Monday, Jan. 20, 1997

WHAT'S NEXT FOR APPLE?

By David S. Jackson/San Francisco

It took Apple Computer chairman Gilbert Amelio 2 1/2 hours to say it, but Apple devotees last week finally got what they'd been waiting for: assurances that despite rumors to the contrary, the next generation of Macintosh computers will run most of the old software. The bad news is that it will be at least a year before the new system, code-named Rhapsody, is ready for public release.

"Backward compatibility," as they call it in the industry, had been an open question since last month, when Apple, after repeated setbacks in trying to keep its aging Mac OS ahead of rival Microsoft, announced that it would buy Apple co-founder Steven Jobs' NeXT Software company for $400 million and use his widely praised operating system instead. Apple officials now say the new system will not only work with most current Mac hardware and software but will probably look and feel like a Mac as well.

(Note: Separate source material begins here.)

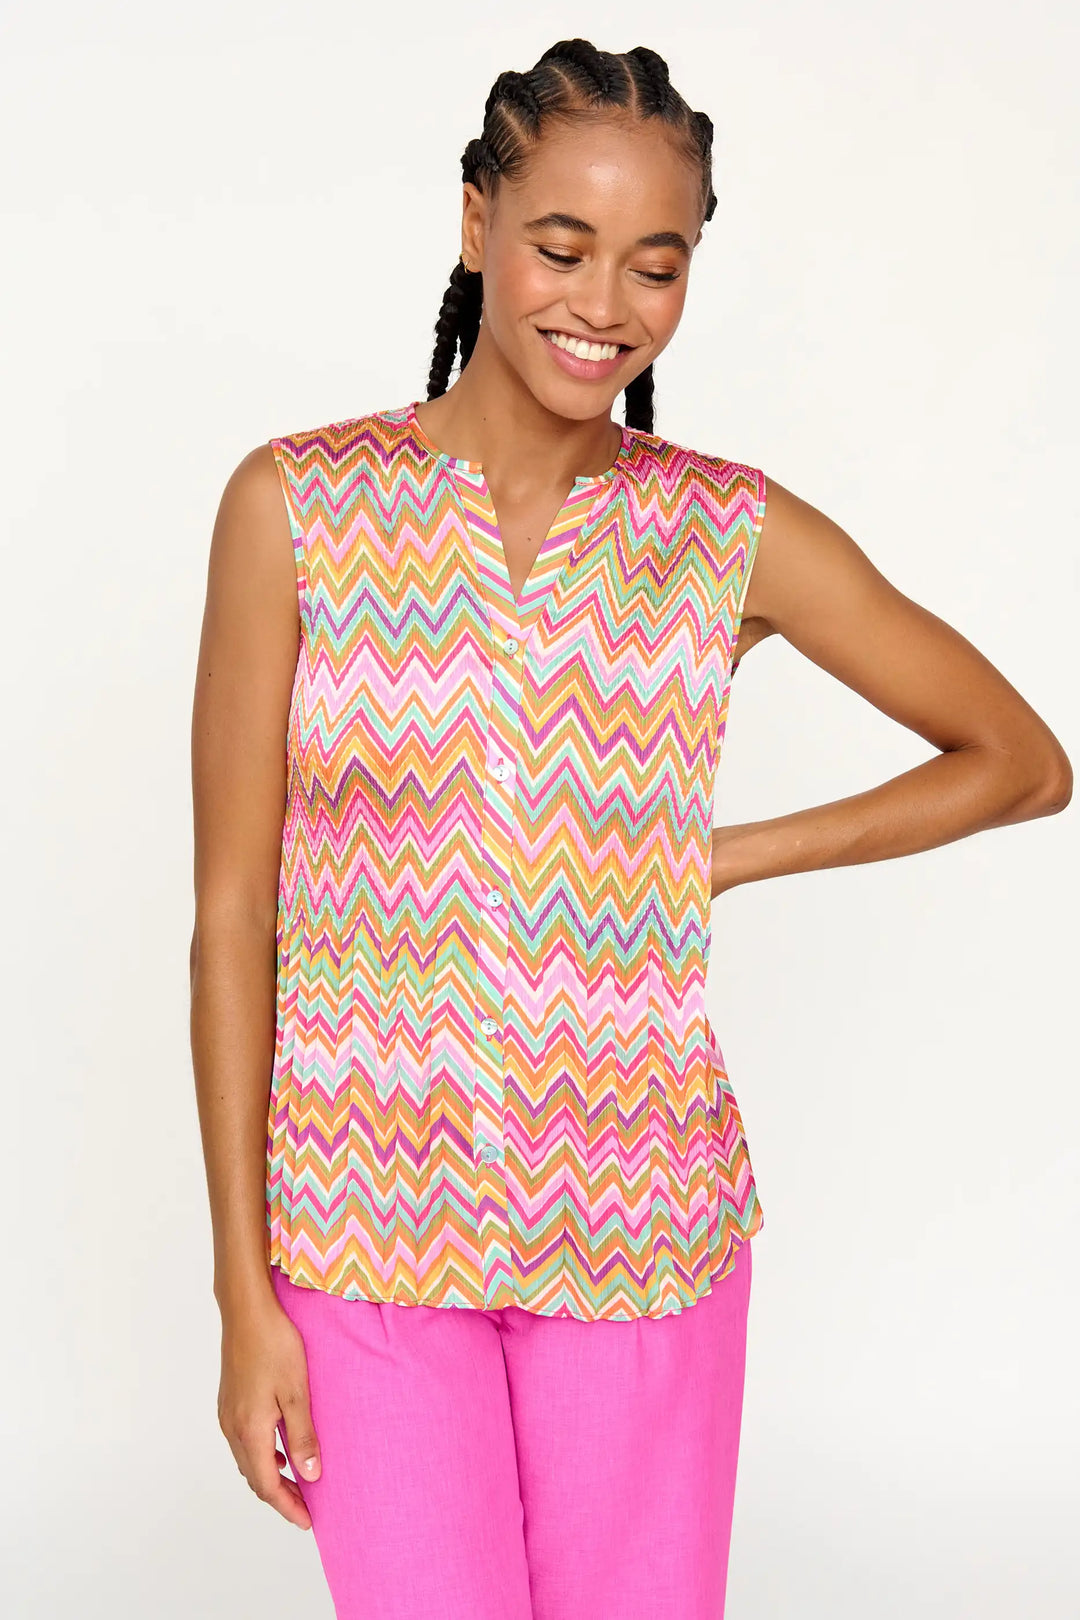 A model with a cheerful demeanor wearing the 'Ambrosia' style sleeveless blouse, featuring a bright, multicolored zigzag pattern, with a collar and front button placket, paired with vibrant pink trousers.

Will NeXT save Apple? A few days earlier, the company warned investors to expect a quarterly operating loss of as much as $150 million; its stock plummeted 18%. Amelio blamed the loss on disappointing sales of Apple's Performa computers but insisted that his comeback plan was "still solid." Said he: "We're making a dramatic shift that's going to change everything."

That remains to be seen. One good sign is that despite his windy speech at the annual Macworld Expo in San Francisco--which featured four movie stars, three CEOs, rock singer Peter Gabriel and former heavyweight champion Muhammad Ali--most software developers came away optimistic. The big question now is whether Apple's hitherto loyal consumers will keep the faith.